Work to be completed. When you return the data, keep every line exactly as it is and leave out the pictures.

Dataset section.
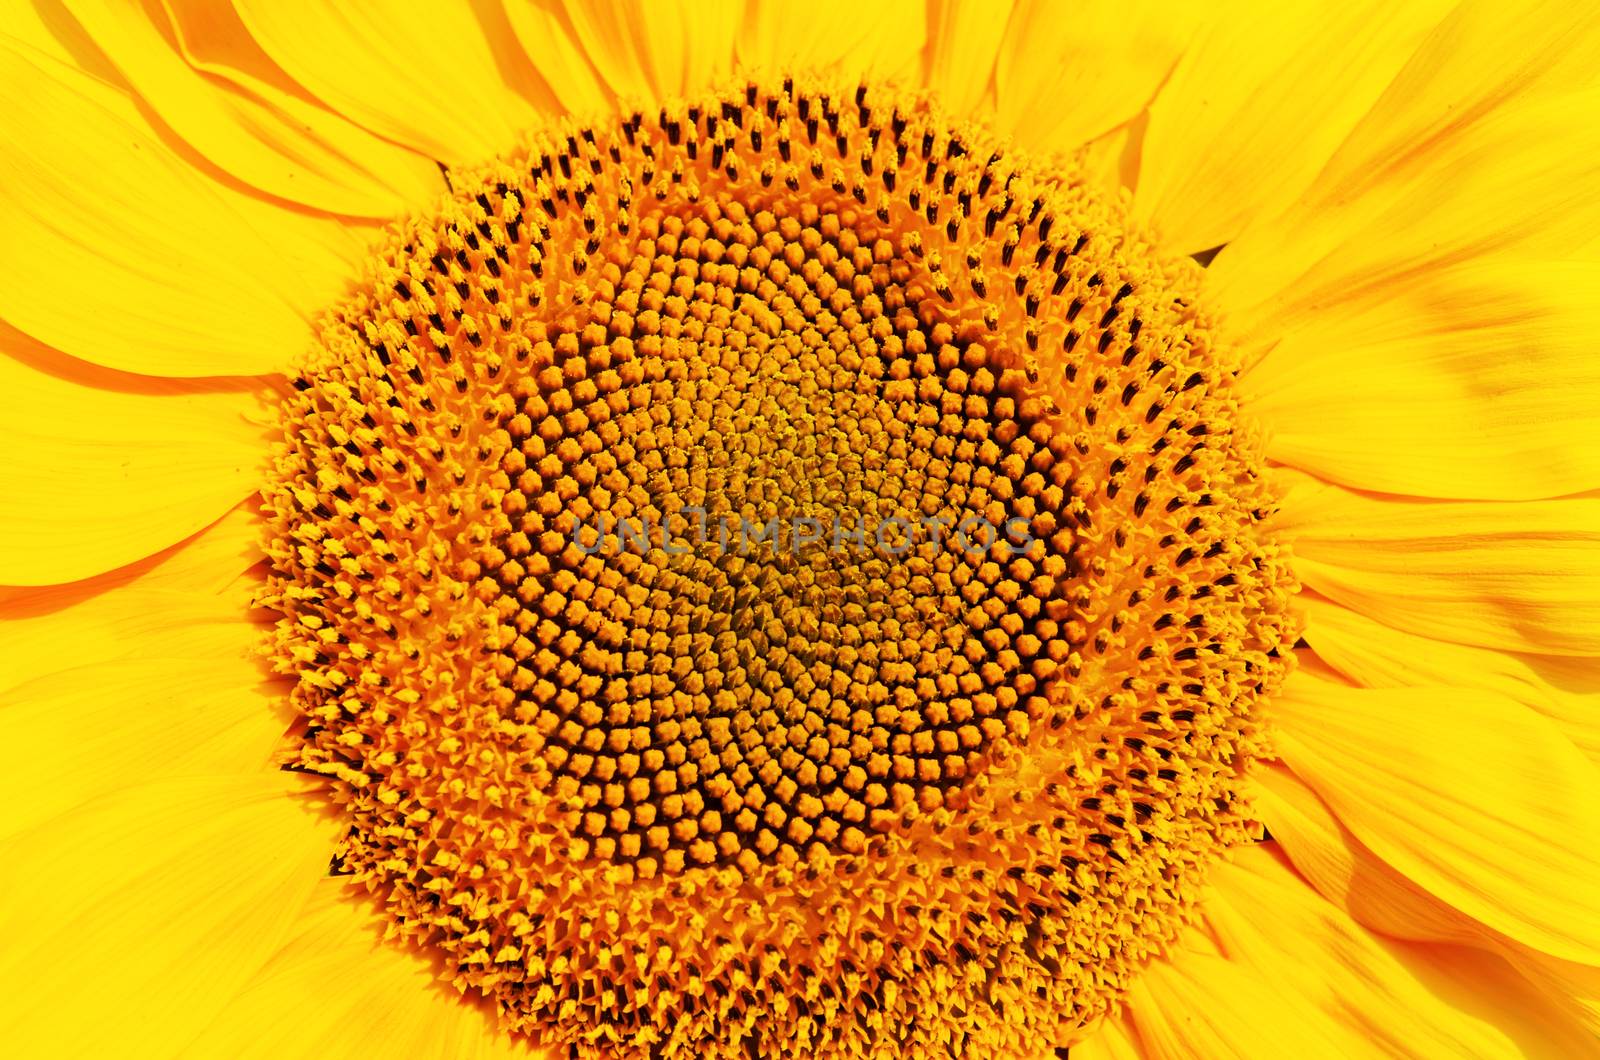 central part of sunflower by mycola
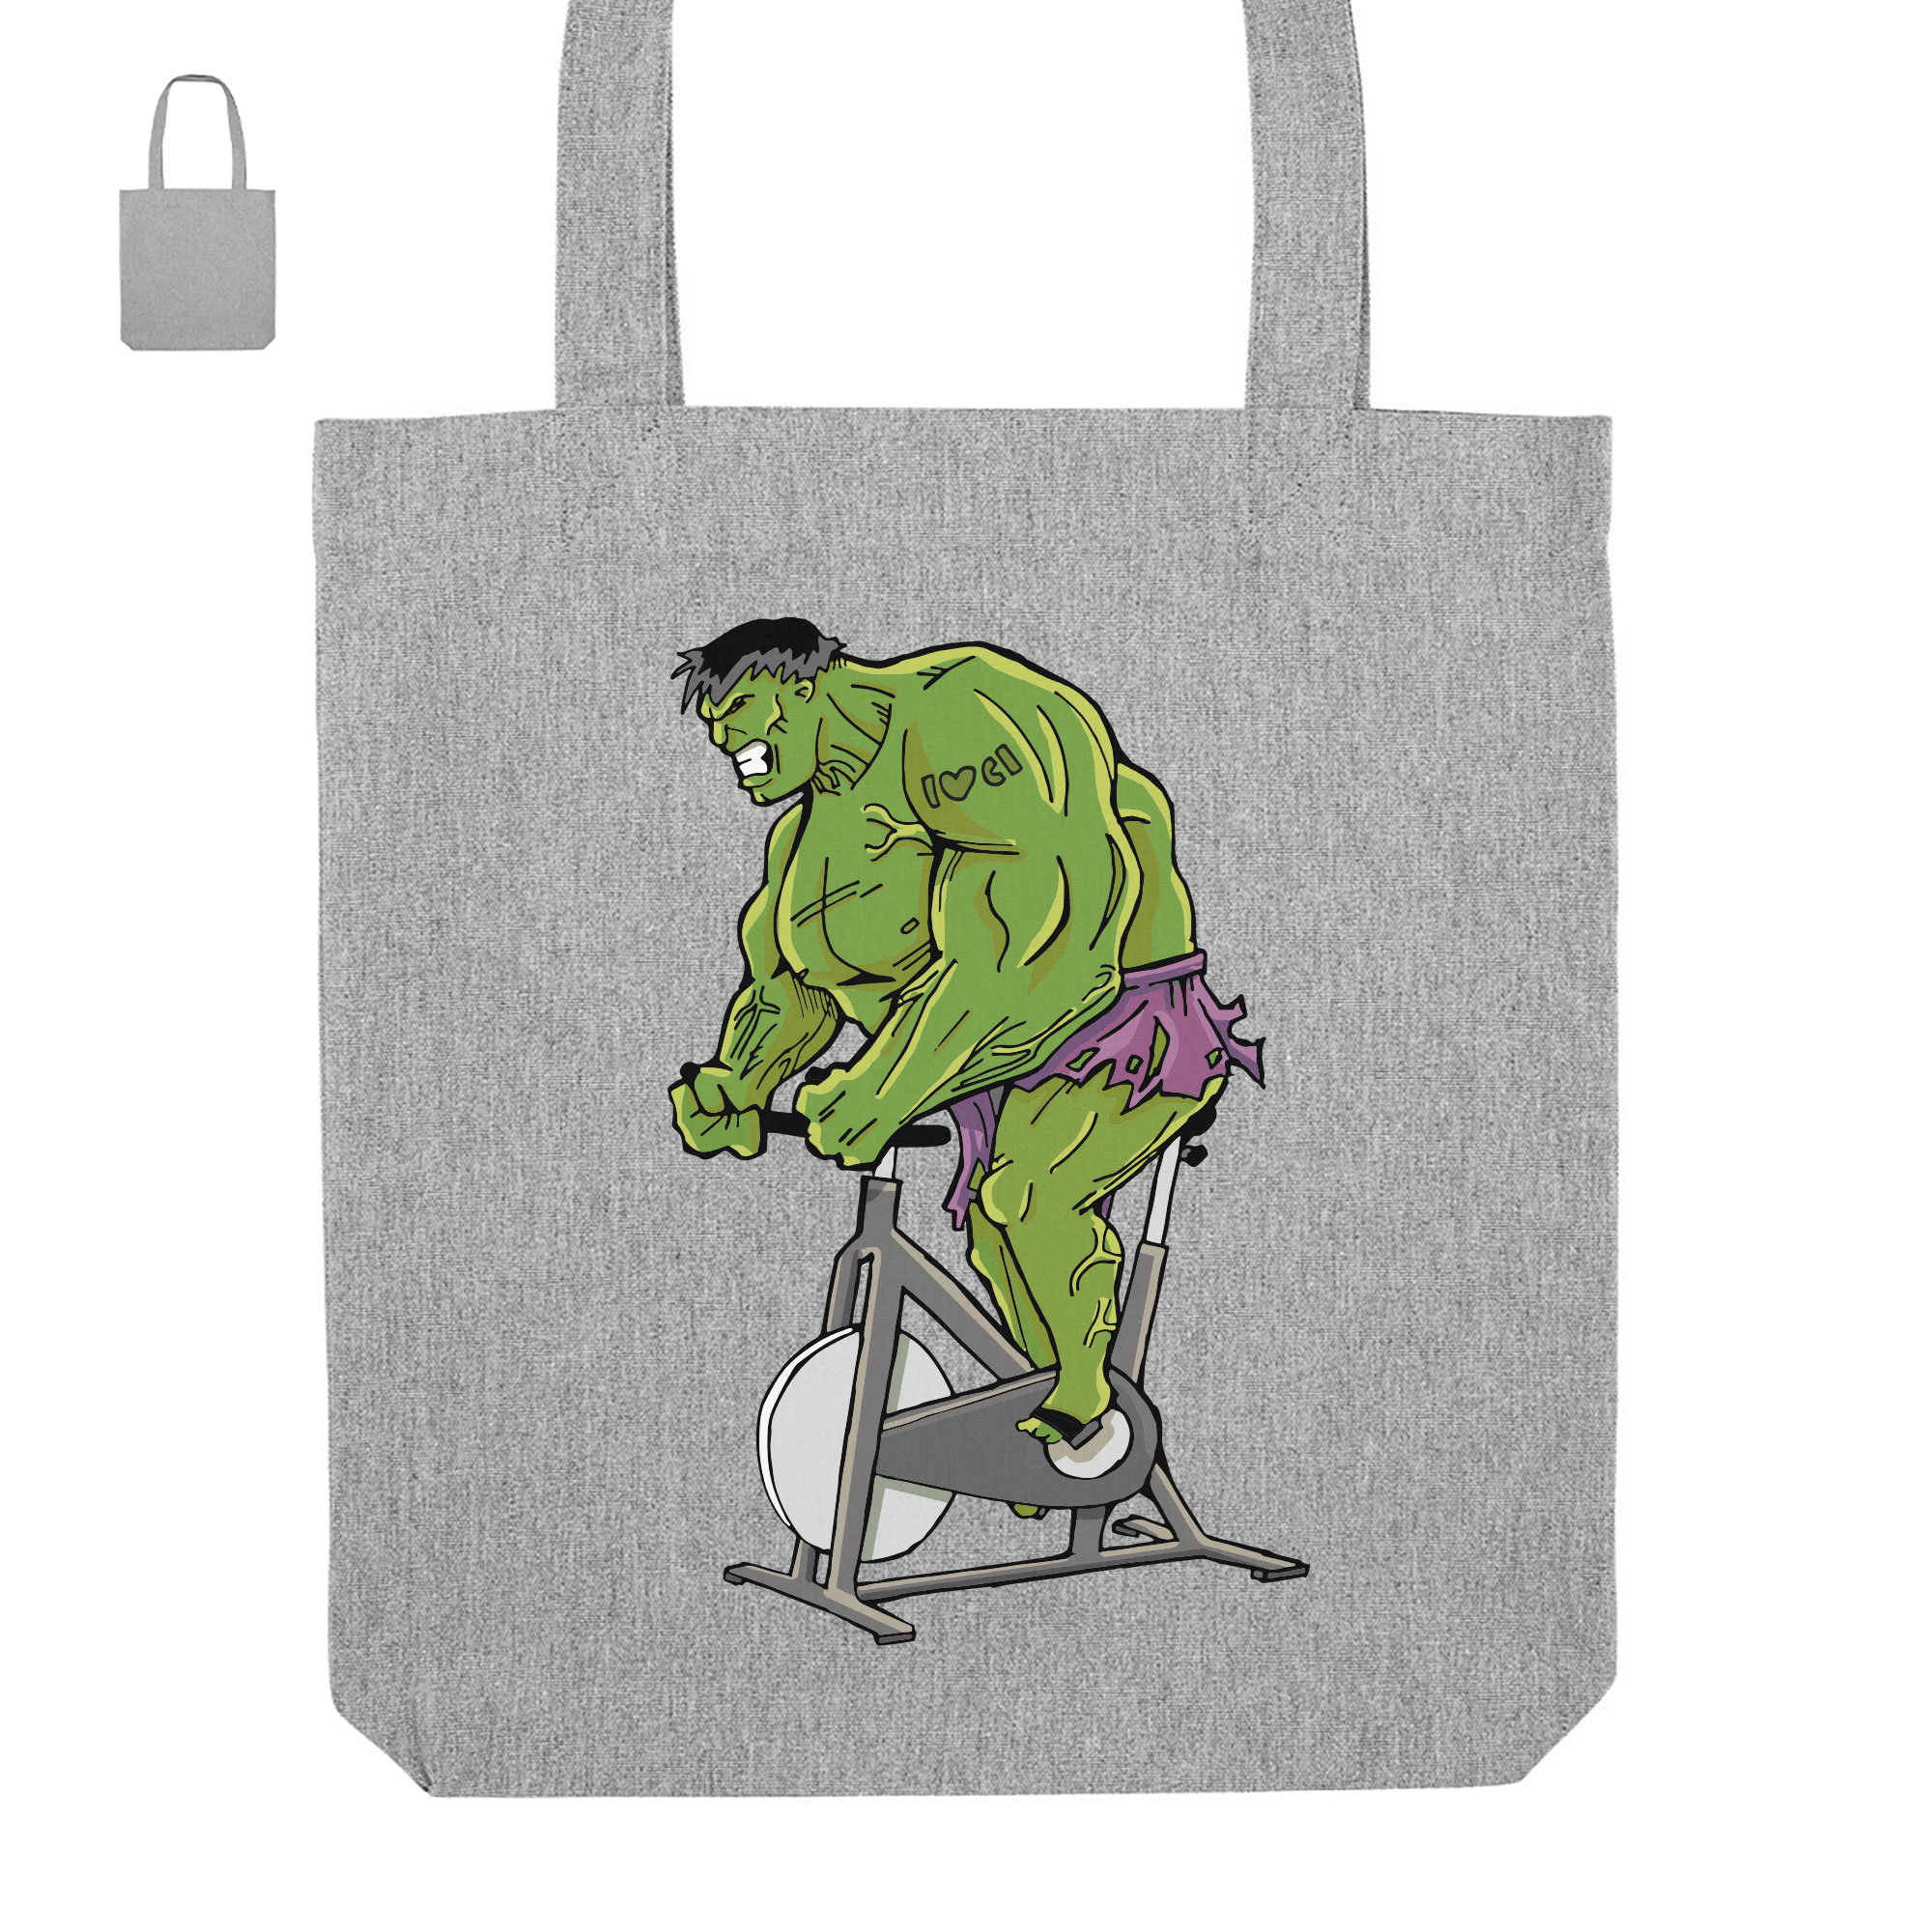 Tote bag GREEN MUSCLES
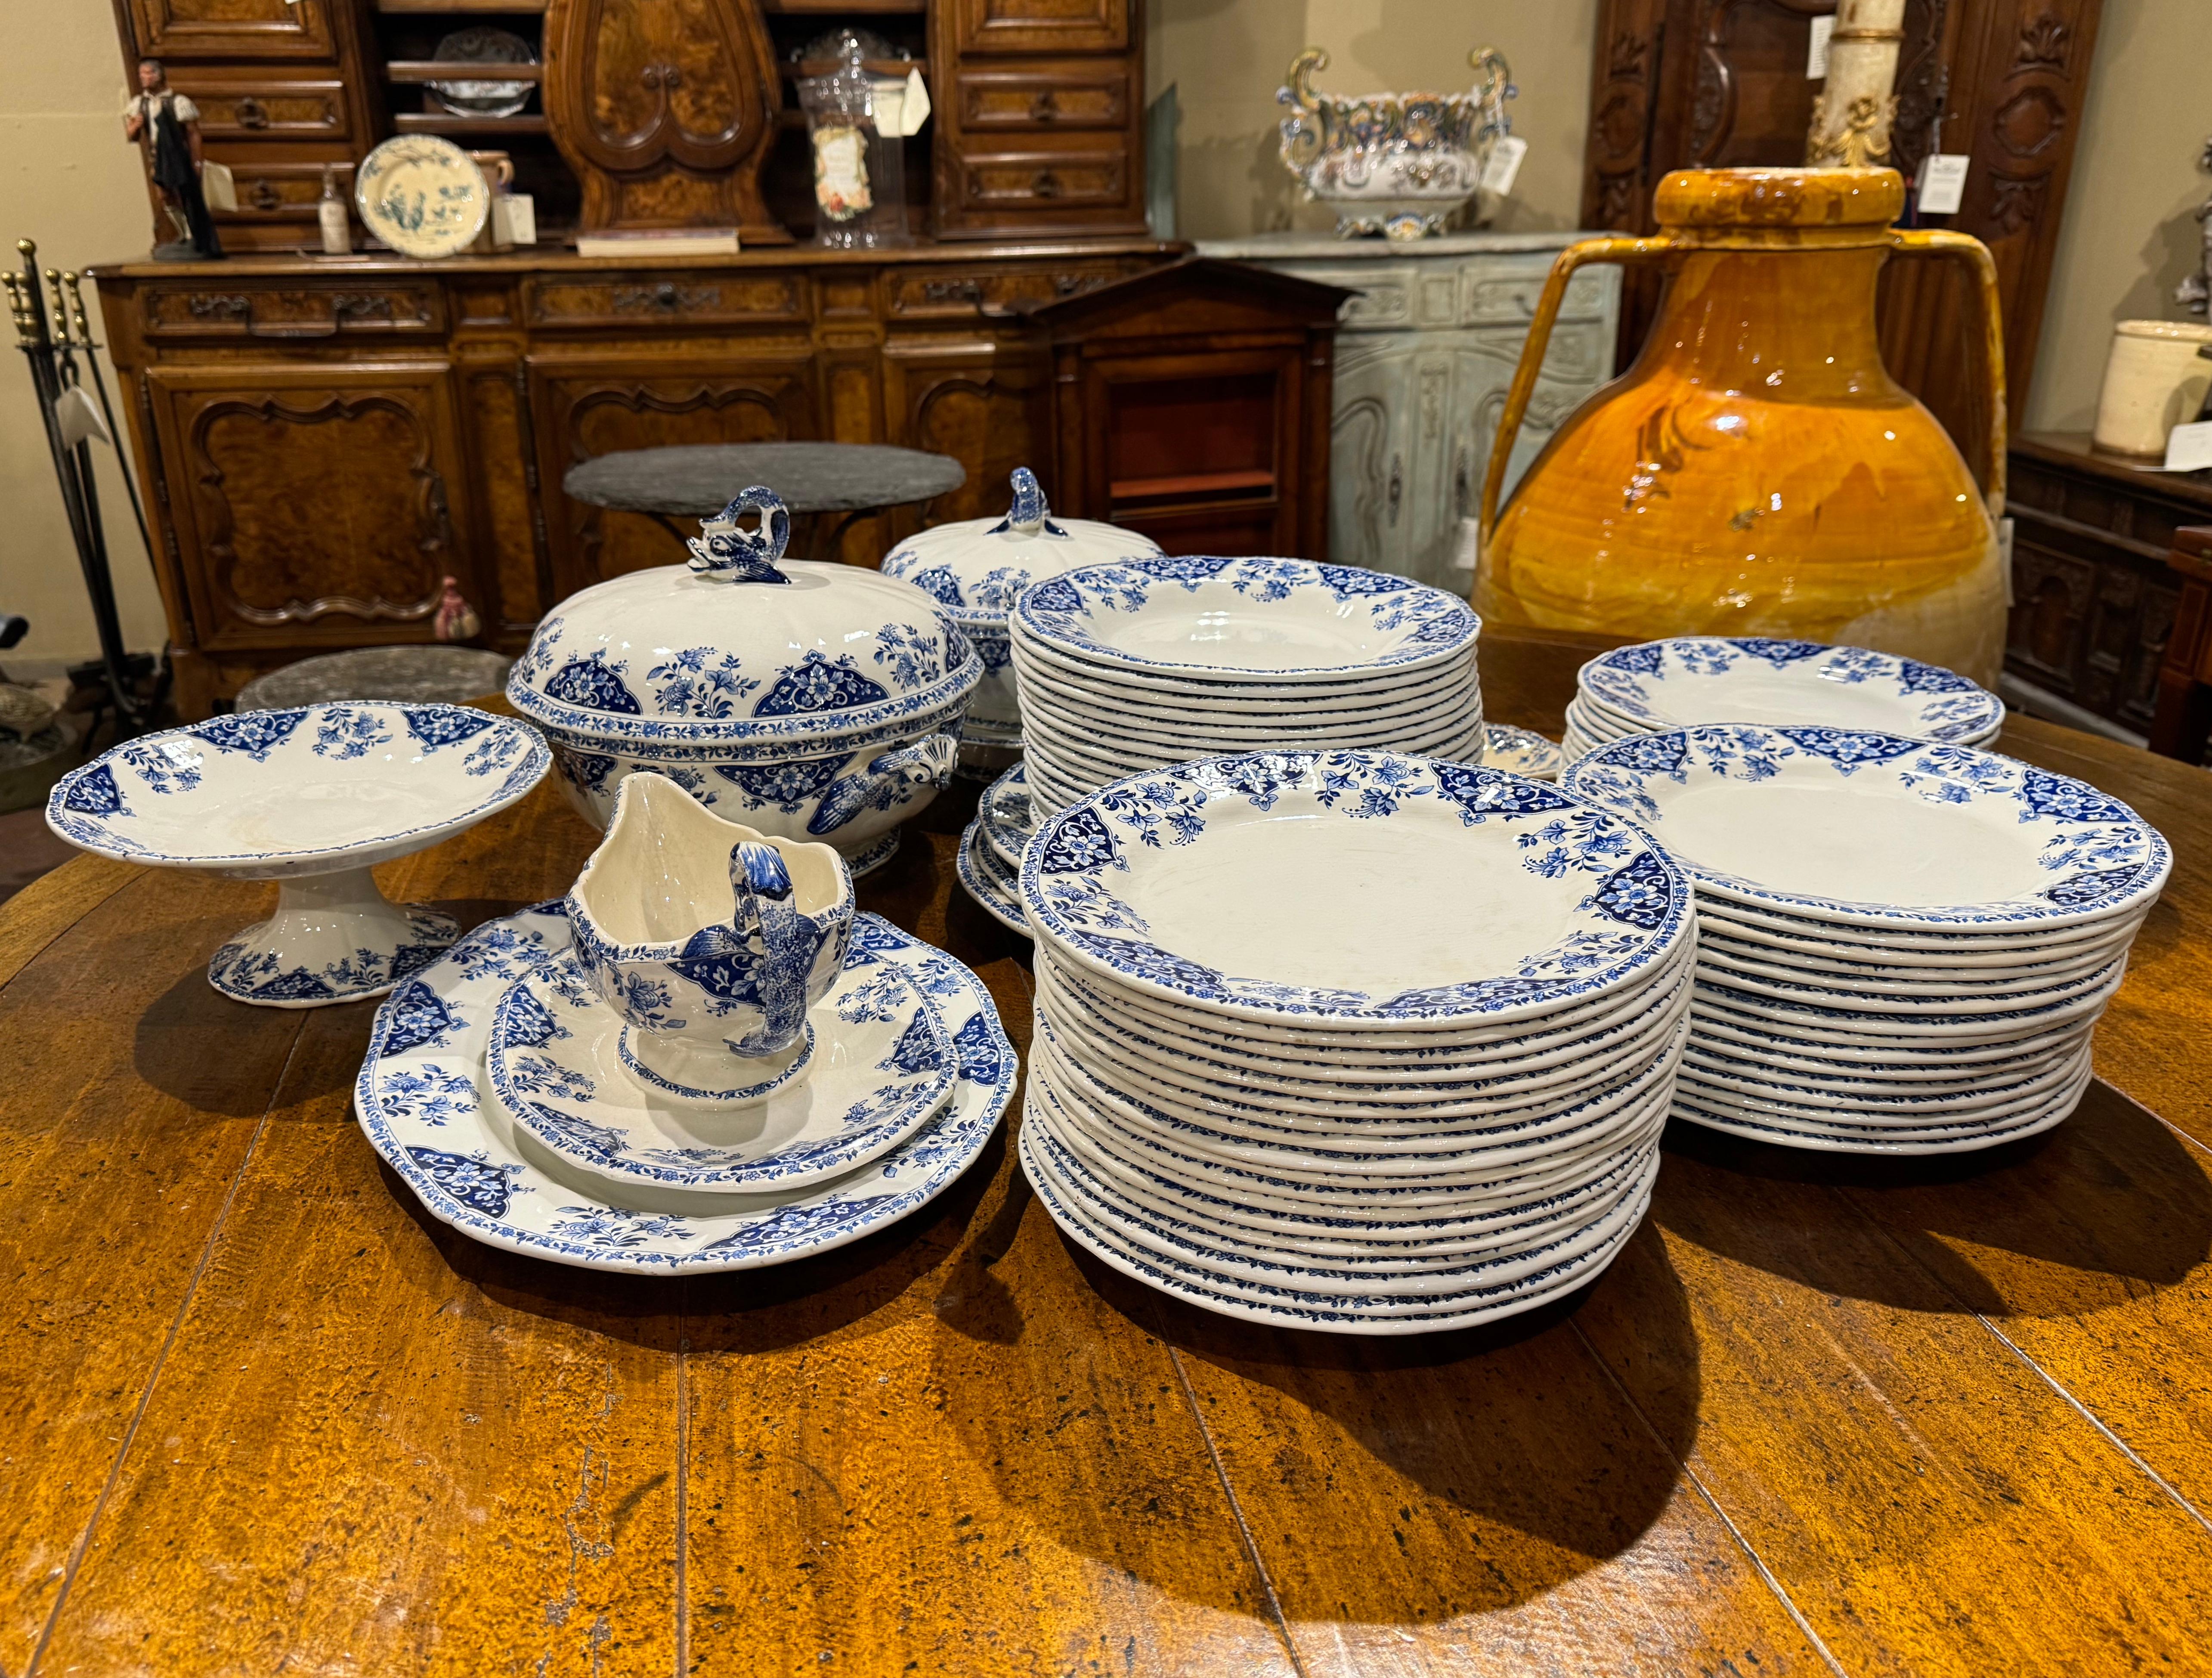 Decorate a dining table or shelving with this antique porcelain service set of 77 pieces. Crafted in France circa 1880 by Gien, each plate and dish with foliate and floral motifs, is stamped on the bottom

Task solution.
 central part of sunflower by mycola
 Tote bag GREEN MUSCLES
 Decorate a dining table or shelving with this antique porcelain service set of 77 pieces. Crafted in France circa 1880 by Gien, each plate and dish with foliate and floral motifs, is stamped on the bottom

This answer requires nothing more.